Следующие несколько пионеров ответили примерно то же самое, что и Маша. Они говорили о родителях, бабушках и дедушках, несмотря на то, что Макар перед огоньком специально уточнил, что хочет услышать не о родственниках, или, во всяком случае, не только о них.

Однако совершенно неожиданно вожатого удивил Ваня. Он робко принял от своего соседа телефон и стал говорить очень неуверенно и тихо, будто боялся, что его кто-то подслушает:

– Я люблю дом, потому что там живет Чарлик.

– А это кто? – спросил кто-то из детей.

– Мой пес. Ну как, он не совсем мой. Он папин. Когда я родился, Чарлик уже жил у нас. Он мой друг. Мы с ним подолгу гуляем, бегаем. Он меня кусает, но понарошку, не больно. Иногда он спит со мной в комнате. Он храпит по ночам. И еще пукает… – сказал Ваня и испустил смешок, который подхватил весь отряд.

– Так, ну-ка тихо – осадил толпу Макар. – Слушай, это классно… Я не про то, что он пукает, а вообще про собаку в целом.

– Да – кивнул Ваня. – Чарлик заболел, когда я сюда поехал. Но папа сказал, что он поправится и с ним всё будет хорошо.

Макар не ожидал такого искреннего ответа от самого шкодного пионера в отряде. Все эти дни Иван неустанно трепал нервы Зоре и Макару, то и дело единолично вытворяя всяческие глупости, или подстрекая на них своих соседей по комнате. У вожатого уже вошло в привычку отвешивать Ване подзатыльники по любому поводу, которые к пятому дню смены уже почти перестали иметь воспитательный эффект. Поэтому только сейчас Мак впервые разглядел в этом мальчишке настоящего живого человека, а не только ходячий сгусток шалостей и непослушания.

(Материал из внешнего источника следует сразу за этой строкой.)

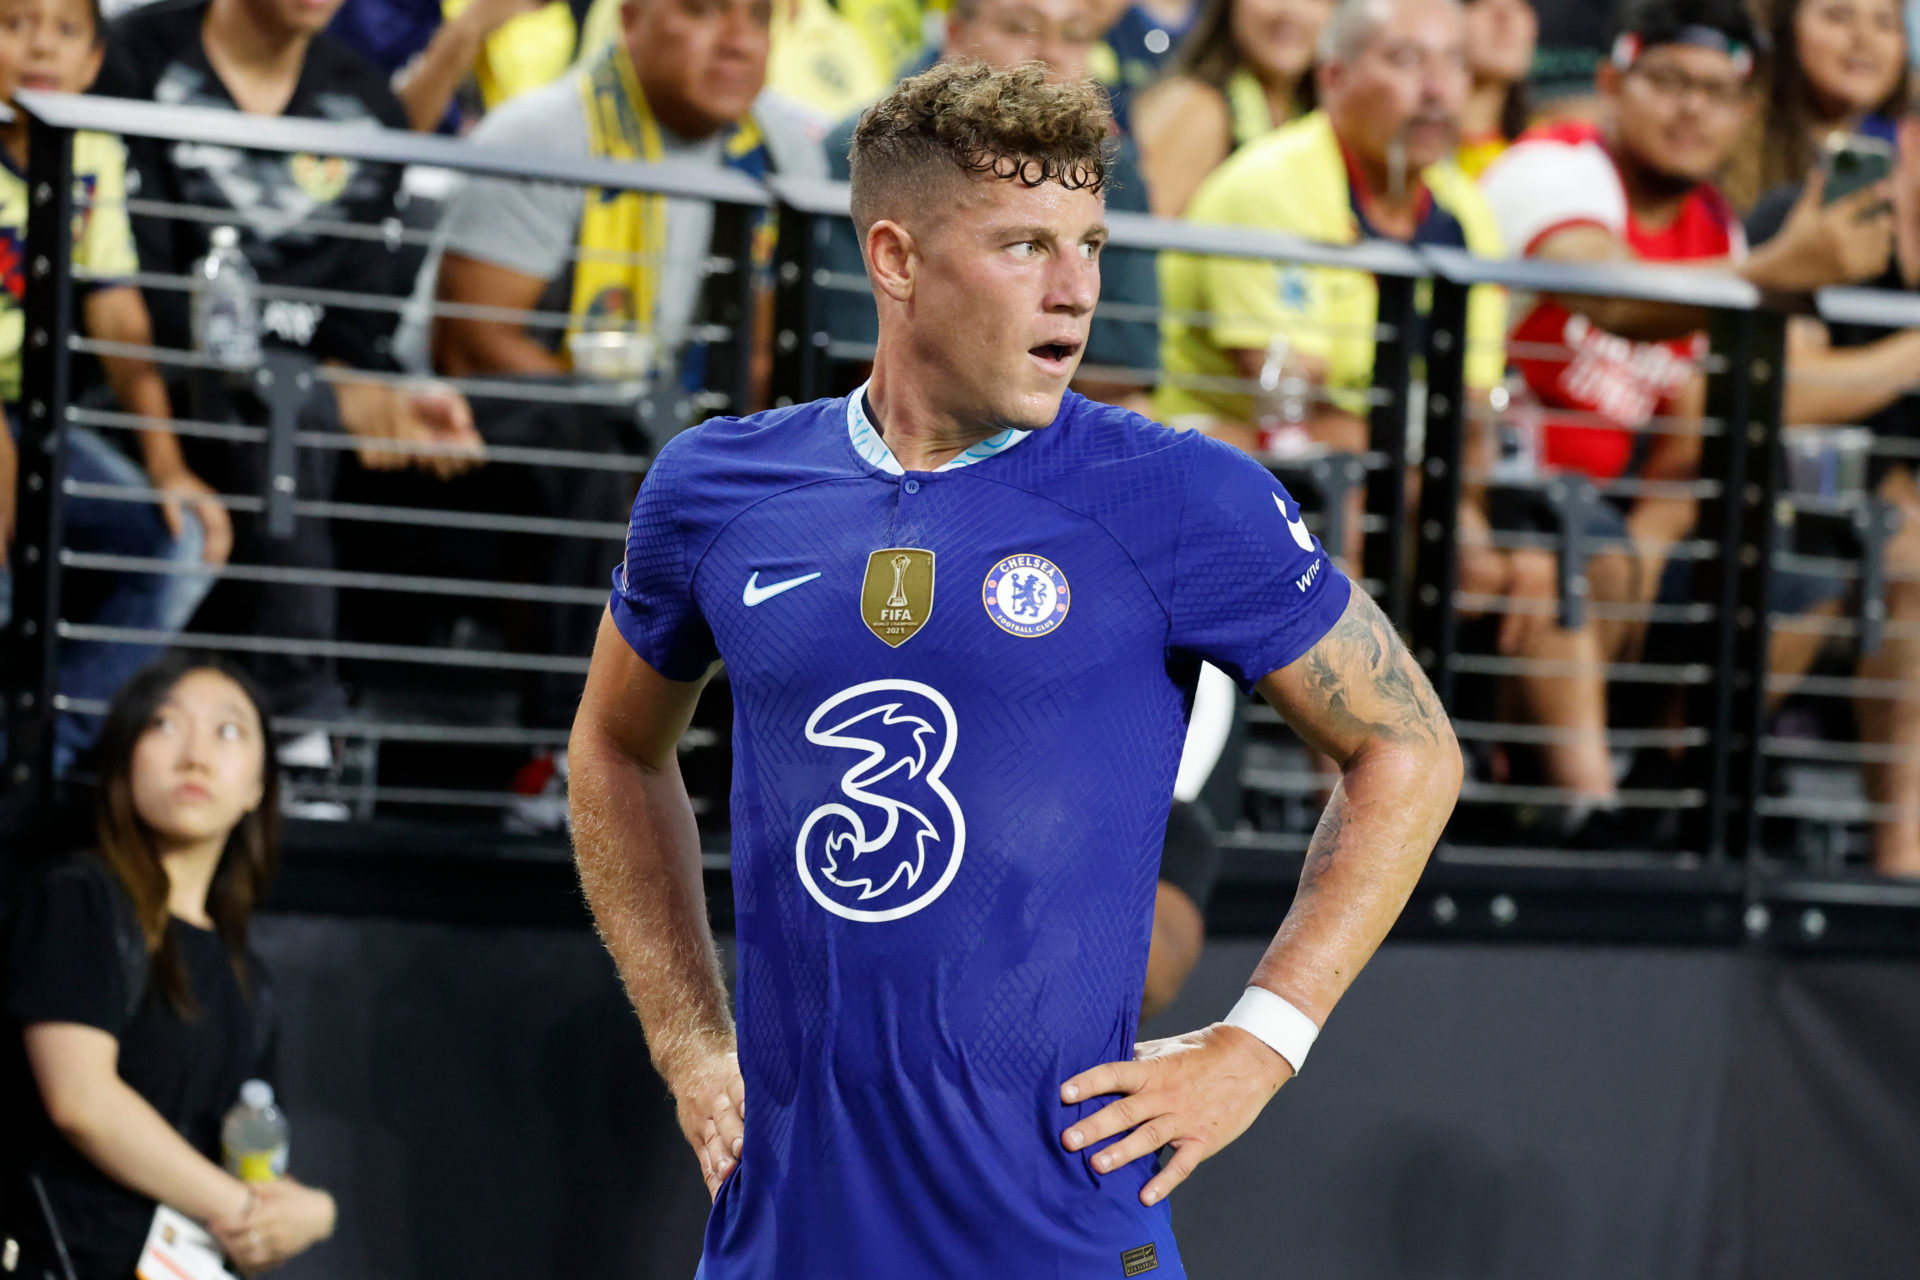 West Ham are reportedly eyeing a move to sign Ross Barkley from Chelsea this summer

Ваня своим рассказом подал пример и остальным пионерам, которые после него стали говорить о более личных вещах, из-за которых они любили свой дом и скучали по нему.

Полина рассказала о своих любимых книгах, которые она, как оказалось, прочитала в своем возрасте уже с пару десятков. Вика, самая низкорослая пионерка в отряде, поведала о своих мягких игрушках, у каждой из которых имелось свое имя и биография. Антон с трепетом говорил о конструкторах, состоявших из многочисленных наборов, из которых он строил свой собственный город мечты. По его словам, горожан, живших в городе, сейчас больше всего беспокоило отсутствие больницы и заправки, однако именно эти наборы он всё никак не мог отыскать ни в одном из магазинов. Макар был немного ошарашен масштабами фанатизма Антона, но вместе с тем был и восхищен увлечением юного паренька.

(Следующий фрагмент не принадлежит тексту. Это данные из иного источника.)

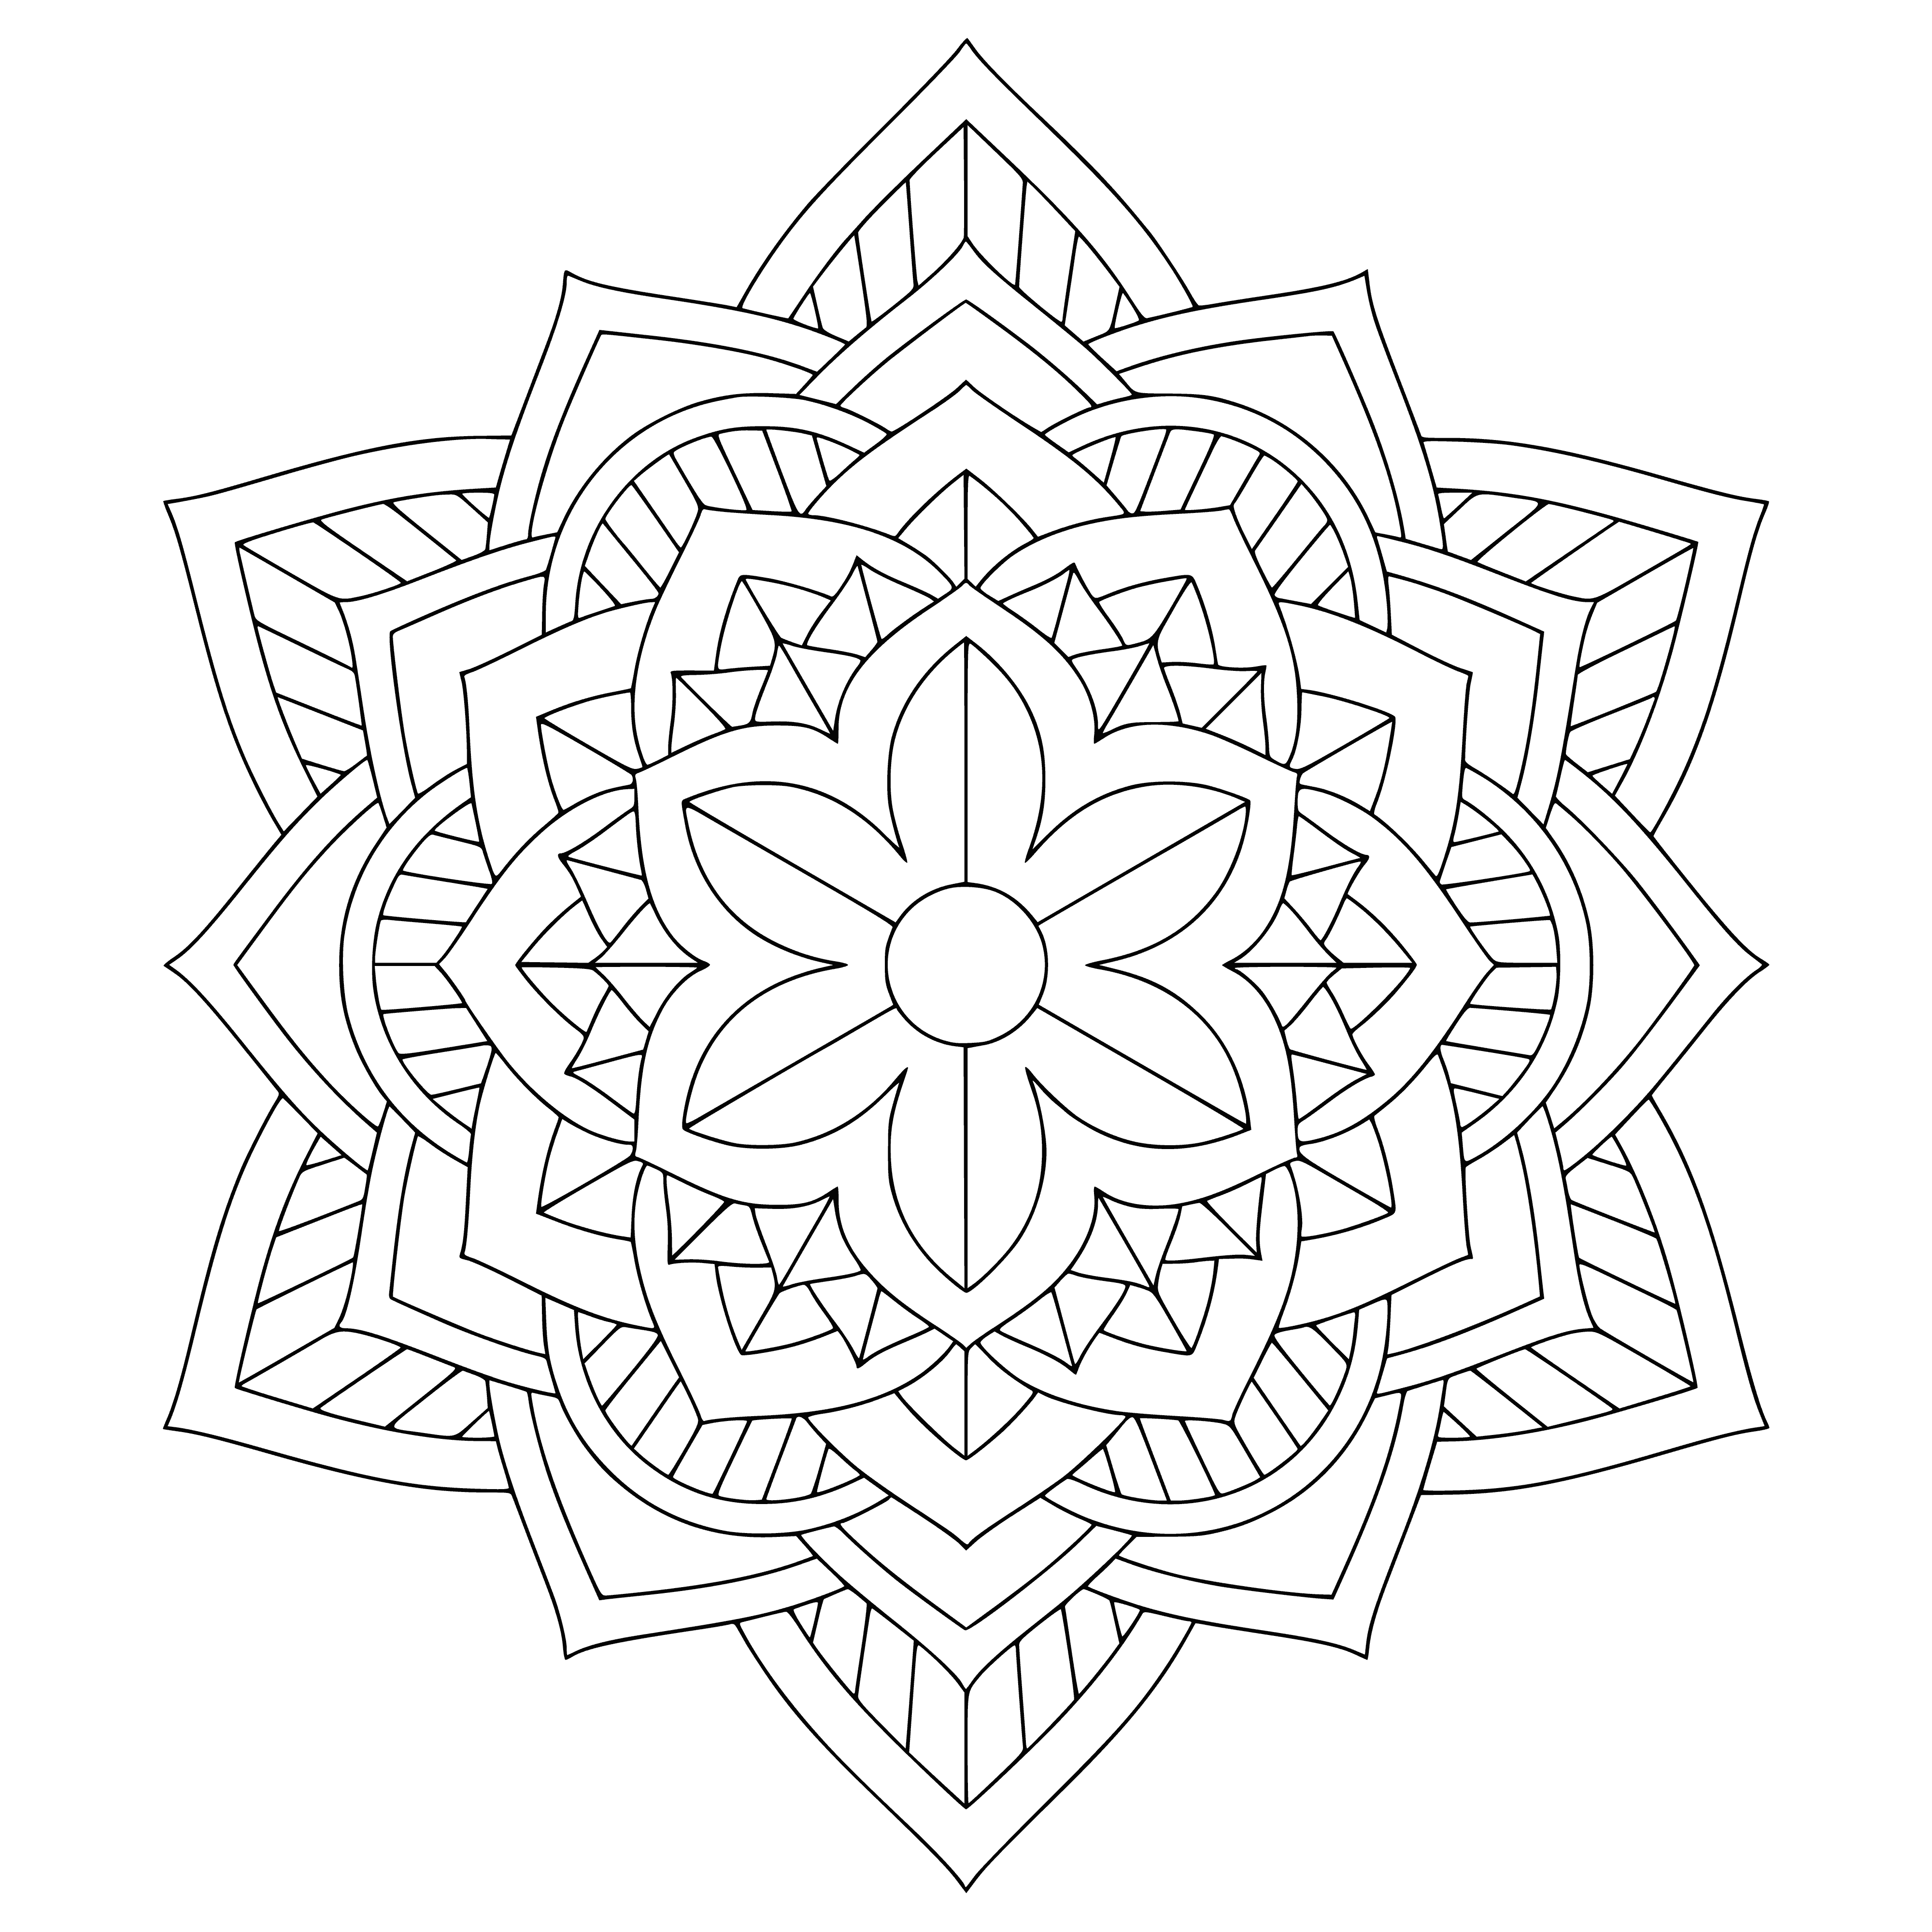 coloring page: Mandala coloring page with beautiful flower design & detailed floral border - perfect for flower lovers & adding beauty to your pages.

Огонек протекал хорошо. Дети, казалось, абстрагировались от зловещей персоны Мака и увлеклись той темой, которую им задал вожатый. Постепенно круг из пионеров замкнулся и последний из говорящих вернул телефон его владельцу, ознаменовав тем самым окончание уютных посиделок.

– Ну, чё я могу сказать? – начал подводить итоги Макар. – Красавцы. Было интересно вас слушать, честно. Вы вроде как еще все мелкие, но можете удивить даже взрослого. Особенно ты, Антон. Только смотри не увлекайся, а то со временем рехнешься и закончишь в жизнь в психушке. Я серьезно!

– Хогошо – всё равно посмеялся паренек.

– Вот так вот. Ладно, давайте отчаливать. Щас мы тихонько встаем, заканчиваем умываться, чистить зубы и по шурику валим спать…

– Э-э-э-й, а вы? – спросила Полина у Макара, который уже собирался затушить горящую посреди комнаты свечу.

– Что я? – не поняв вопроса, спросил вожатый. – Я умываюсь после всех вас, так что давайте шевелитесь. Я спать хочу…

– Вы тоже должны говорить о доме, как все – указала на промах вожатого Полина.

Макар не ожидал такого подвоха. Но действительно – раньше на огоньках он говорил вместе с детьми и отвечал на те же вопросы, что и они. В таких случаях складывалось ощущение единства пионеров и вожатого, перетекавшее в еще большее чувство вовлеченности и дружбы. Однако спустя годы Мак уже успел об этом позабыть, и, видимо, не особо желал вспоминать. Разумеется, если бы он припомнил такую незначительную деталь огонька еще до его начала, то тему вожатый придумал бы совсем другую.